Rwandan and Mozambican troops retook the port city of Mocímboa da Praia on Aug. 9 from Islamist militants—their last stronghold in Mozambique's northern Cabo Delgado province. The 1,000 Rwandan troops, who arrived in the country last month to help the government battle a four-year insurgency, have proved their effectiveness in a series of skirmishes. They are also being joined by units from regional neighbors Angola, Botswana, Lesotho, South Africa, Tanzania, and Zimbabwe. But analysts are warning that the insurgents—known colloquially as al-Shabab (see list of alternative names)—are choosing not to stand their ground, preferring to retreat into the countryside. Military force doesn't address the drivers of the conflict, nor does it prevent ill-disciplined Mozambican troops—who often struggle to distinguish between insurgent and civilian—from stoking further tensions through abuses of the populace. More than 3,000 people have been killed and 820,000 displaced by the conflict.

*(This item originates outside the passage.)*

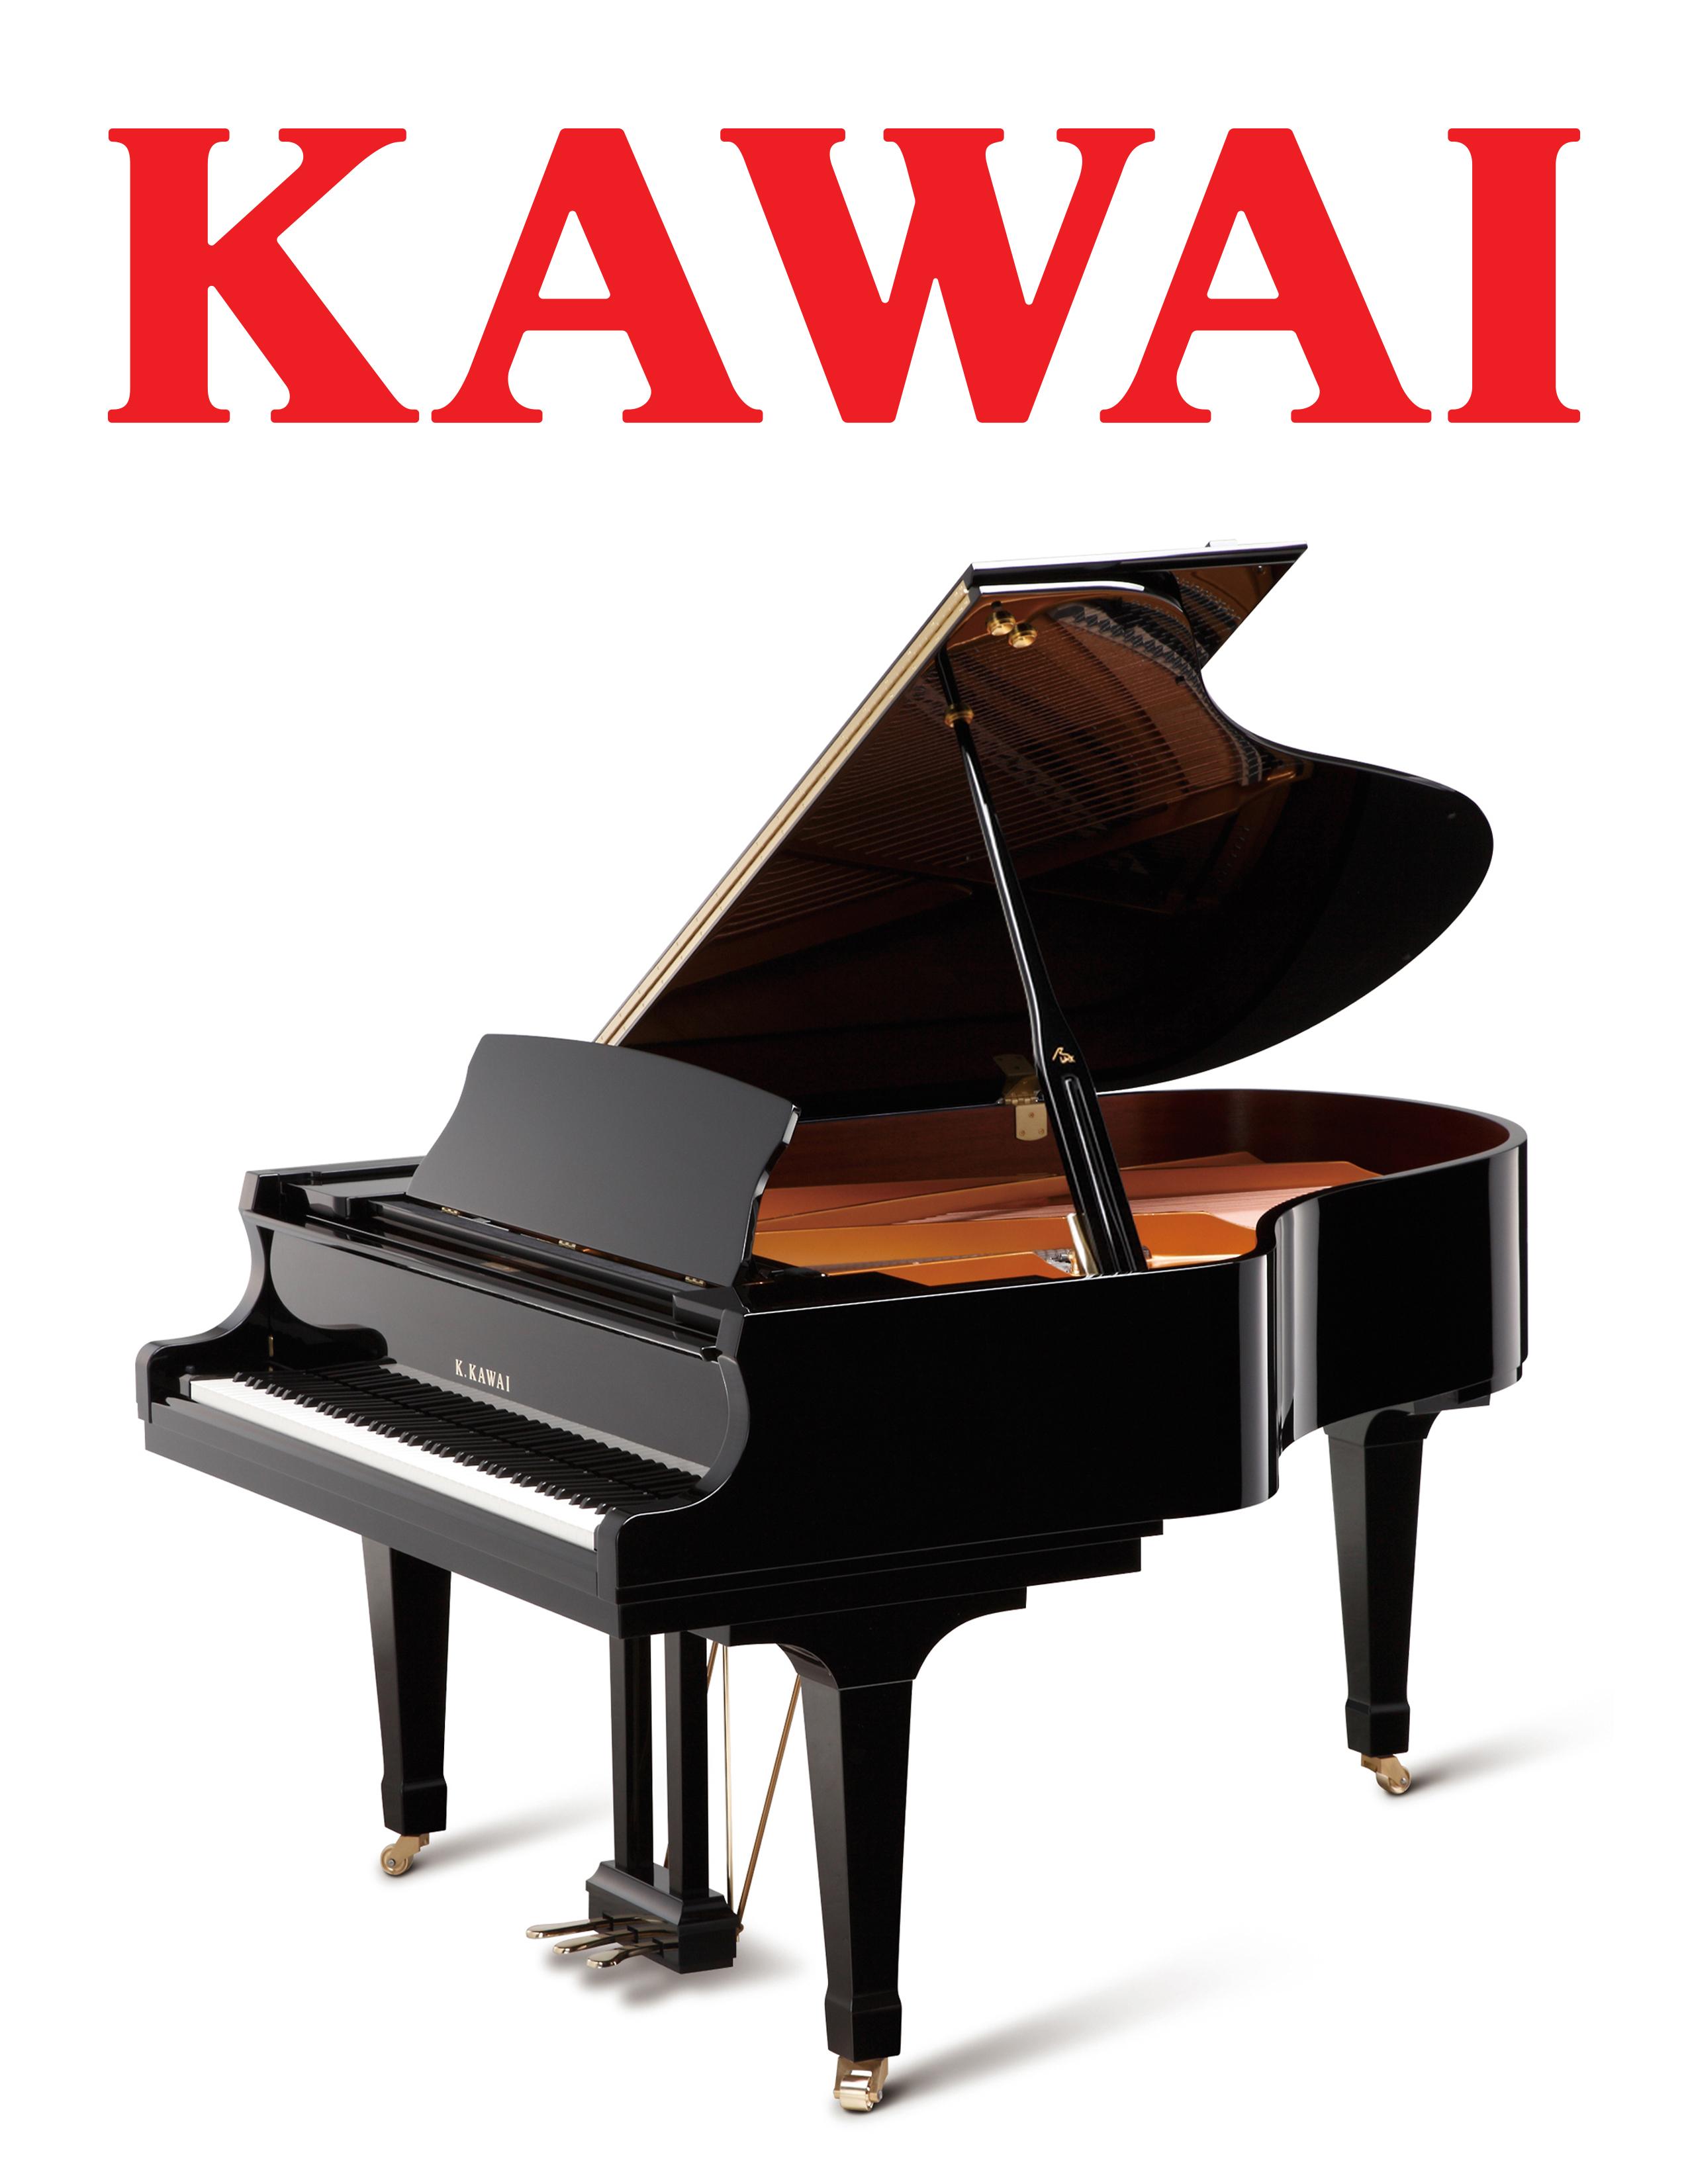 kawailogoandpiano3.jpg

Foreign troops deploy in Mozambique
Mozambique's President Filipe Nyusi is usually wary of foreign military intervention. But the grim situation in Cabo Delgado seems to have forced his hand. Last week, Rwanda began deploying a 1,000-strong police and military force to the insurgency-hit northern province. And troops from the Southern African Development Community regional bloc are also set to arrive in the coming days. Some reports suggest the Rwandans will set up around the Afungi peninsula, where a multi-billion dollar gas project is located. Their battlefield enemy—known locally as al-Shabab—is formidable and entrenched, as Mozambique's army and its mercenary allies know well. Lost in the military chatter is much mention of Cabo Delgado's worsening humanitarian crisis: More than 700,000 people have been uprooted—68,000 since late March—and close to a million are now facing severe hunger.
US, Portugal send special forces to Mozambique
A week after the US State Department added the Islamist insurgents in northern Mozambique to its list of "foreign terrorist organizations," the Pentagon is now preparing to send a team of military advisors into the conflict zone. The US Embassy in Maputo announced March 15 that the two-month Joint Combined Exchange Training (JCET) program will see US Special Forces troops instructing Mozambican marines. This follows an announcement weeks ealier by Portugal, the former colonial power in Mozambique, that it is dispatching an elite military unit to help fight the insurgents, known locally as the Shabaab. Lisbon is also petitioning the European Union to send an international military mission to the region to back up the Mozambique Armed Defense Forces (FADM).
African ISIS franchises make US 'terrorist list'
The Biden administration on March 10 designated two alleged affiliates of the Islamic State, in the Democratic Republic of Congo and Mozambique, as "Foreign Terrorist Organizations." The State Department named as FTOs the Allied Democratic Forces (ADF) in DR Congo and Ansar al-Sunna in Mozambique. The Department also designated the respective leaders of those organizations, Seka Musa Baluku and Abu Yasir Hassan, as "Specially Designated Terrorists." The designations freeze all US property and assets in the names of these groups and leaders, and prohibit US citizens from doing business with them. Additionally, the Department stated that "it is a crime to knowingly provide material support or resources" to the groups, or "to attempt or conspire to do so."